“They say the man the girl’s goin’ to marry is rich. Maybe he’ll foot the bills,” said Drake.
“Mebbe he is,” assented Amidon. Then he went out in earnest, and the postmaster with him.
“Look at here,” said Amidon, mysteriously, as the two men separated on the next corner. “I’ll tell you something, if you want to know.”
“What?”
“I believe Drake trusts those Carrolls a little.”
Chapter XVIII
There was in Banbridge, at this date, almost universal distrust of Carroll, but very little of it was expressed, for the reason, common to the greater proportion of humanity: the victims in proclaiming their distrust would have proclaimed at the same time their victimization. It was quite safe to assume that the open detractors of Carroll had not been duped by him; it was also quite safe to assume that many of those who either remained silent or declared their belief in him had suffered more or less. The latter were those who made it possible for the Carrolls to remain in Banbridge at all. There were many who had a lingering hope of securing something in the end, who did not wish Carroll to depart, and who were even uneasy at his absence, although the fact of his family remaining and of the wedding preparations for his daughter going on seemed sufficient to allay suspicions. It is generally true that partisanship, even of the few, counts for more than disparagement of the many, with all right-intentioned people who have a reasonable amount of love for their fellow-men. Somehow partisanship, up to a certain limit, beyond which the partisan appears a fool to all who listen to him, seems to give credit to the believer in it. At all events, while the number of Arthur Carroll’s detractors was greatly in advance of his adherents, the moral atmosphere of Banbridge, while lowering, was still very far from cyclonic for him. He got little credit, yet still friendly, admiring, and even obsequious recognition.

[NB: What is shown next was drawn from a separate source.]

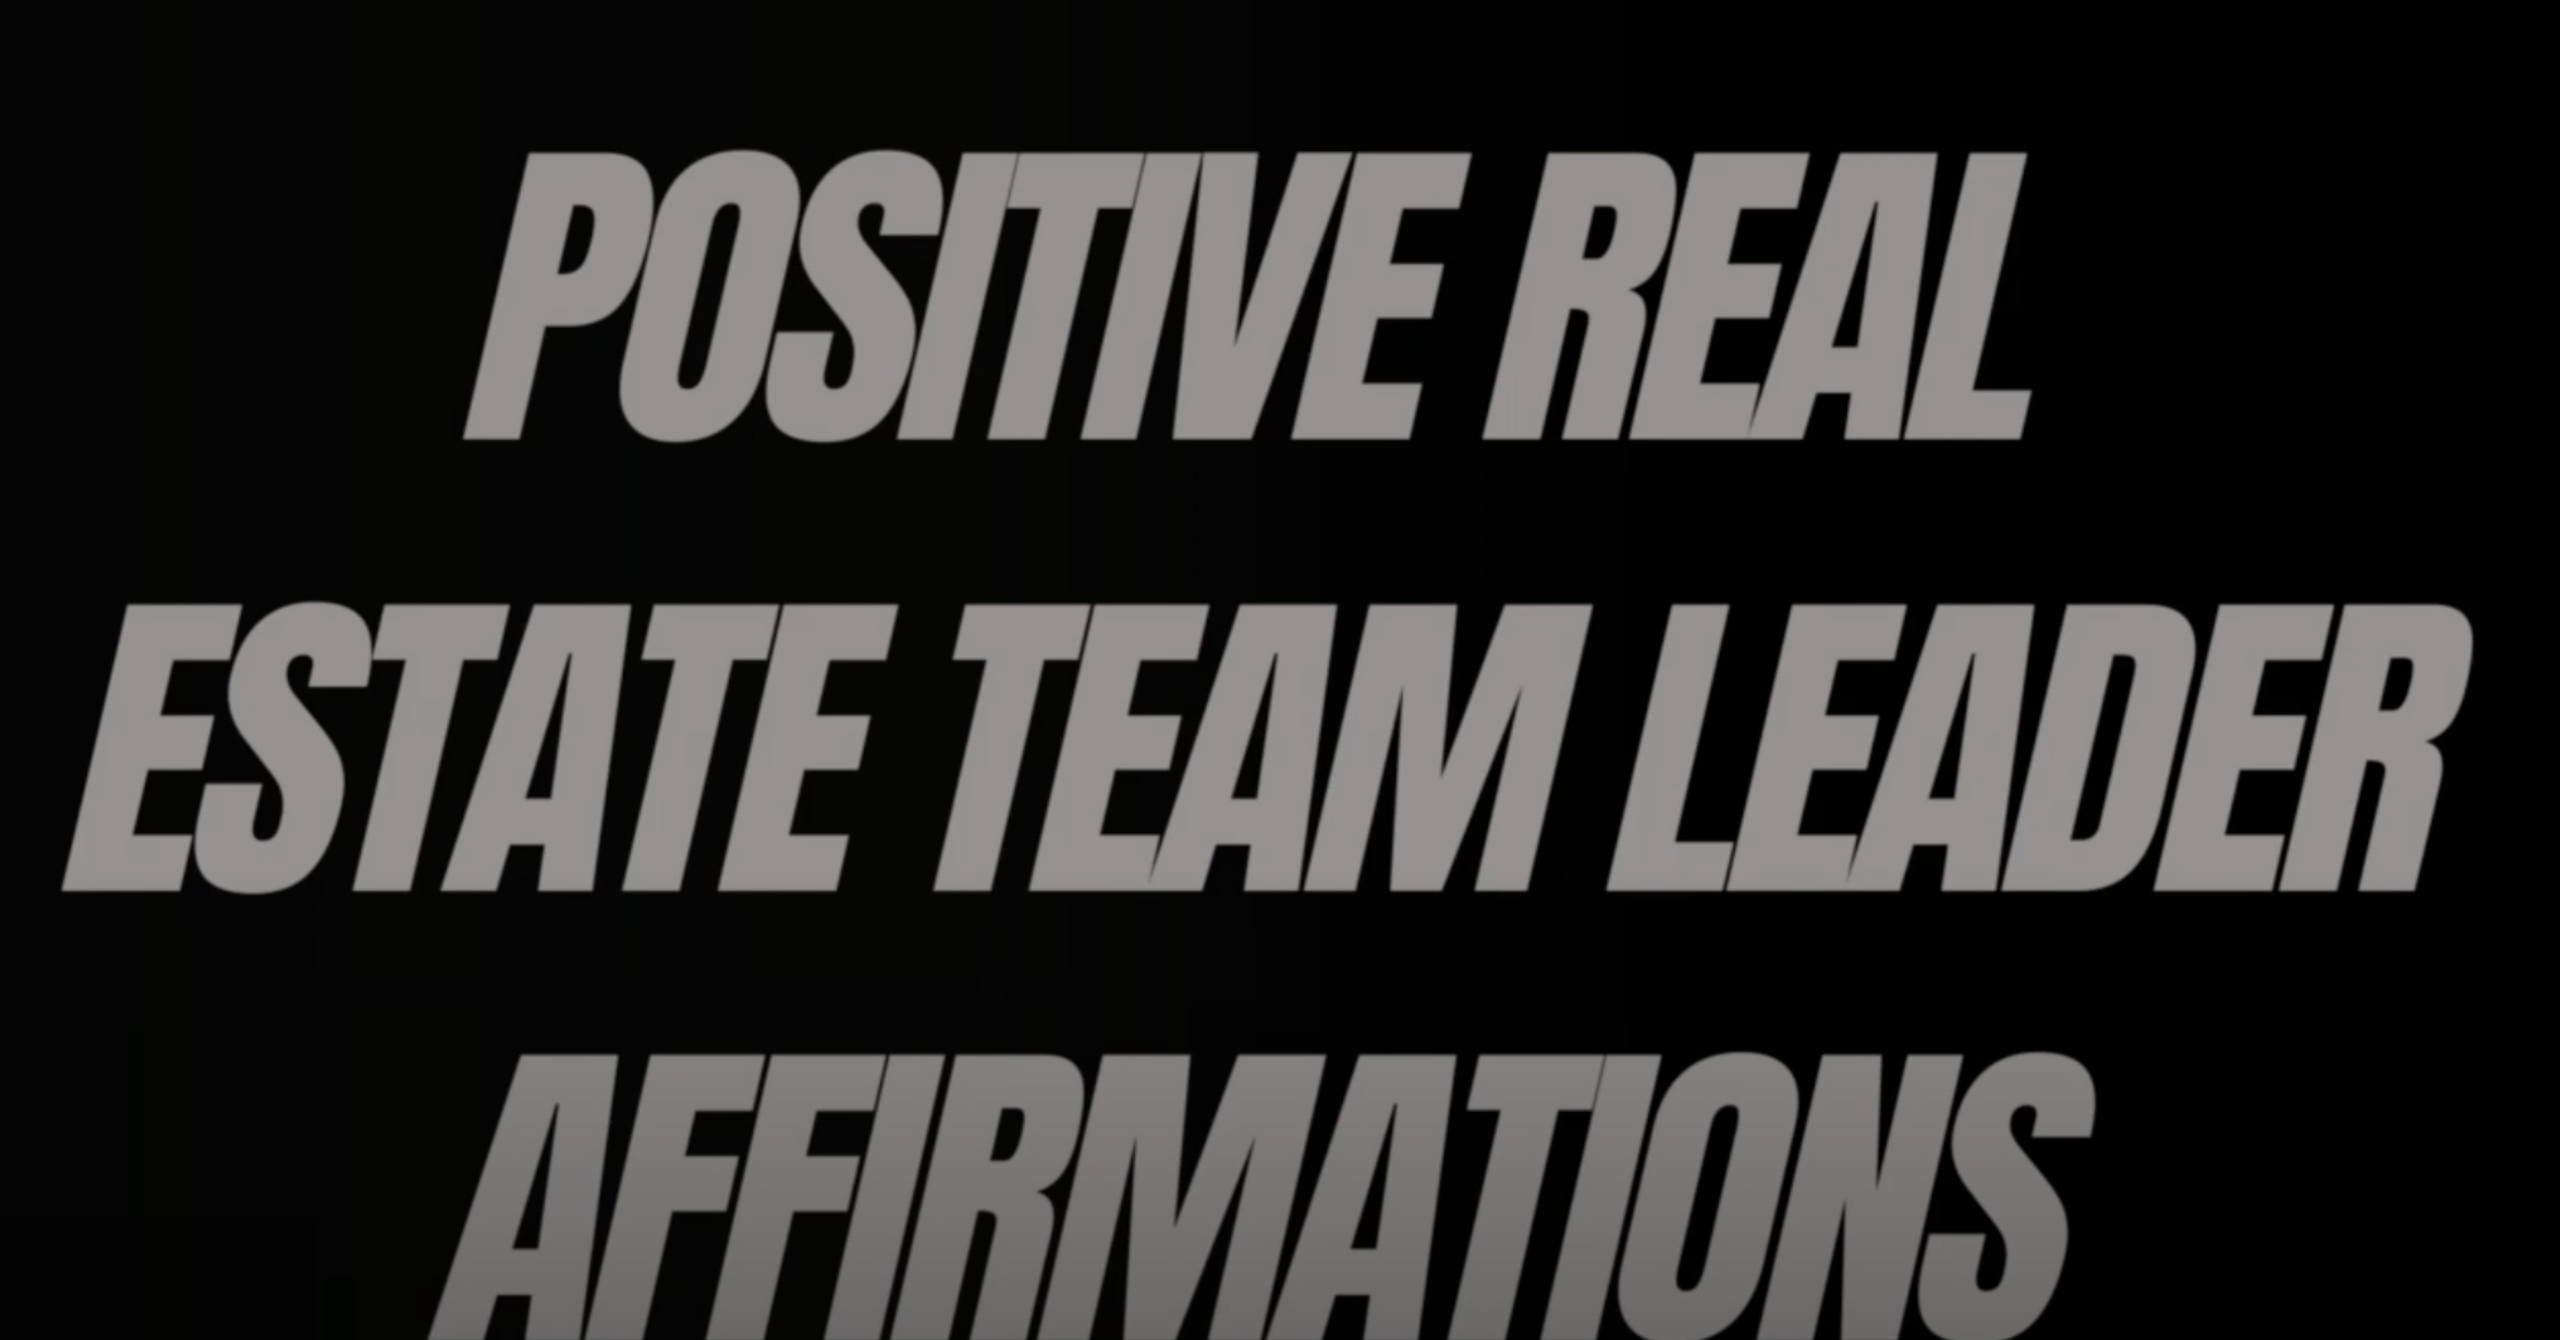 Positive Real Estate Team Leader Affirmations

The invitations to his daughter’s wedding had been eagerly accepted. The speculations as to whether the bills would be paid or not added to the interest. In those days the florist and the dressmaker were quite local celebrities. They looked anxious, yet rather pleasantly self-conscious. The dressmaker bragged by day and lay awake by night. Every time the florist felt uneasy, he slipped across to the nearest saloon and got a drink of beer. After that, when asked if he did not feel afraid he would lose money through the Carroll wedding, he said something about the general esteem in which people should be held who patronized local industries, in his thick German-English, grinned, and shambled back, his fat hips shaking like a woman’s, to his hot-houses, and pottered around his geraniums and decorative palms.
On the Sunday morning before the wedding there were an unusual number of men in the barber-shop—old Eastman, Frank’s father, who generally shaved himself, besides Amidon, Drake, the postmaster, Tappan the milkman, and a number of others. Amidon was in the chair, and spoke whenever it did not seem too hazardous. He had just had his hair cut also, as a delicate concession to the barber on the part of a free customer on a busy morning, and his rather large head glistened like a silver ball.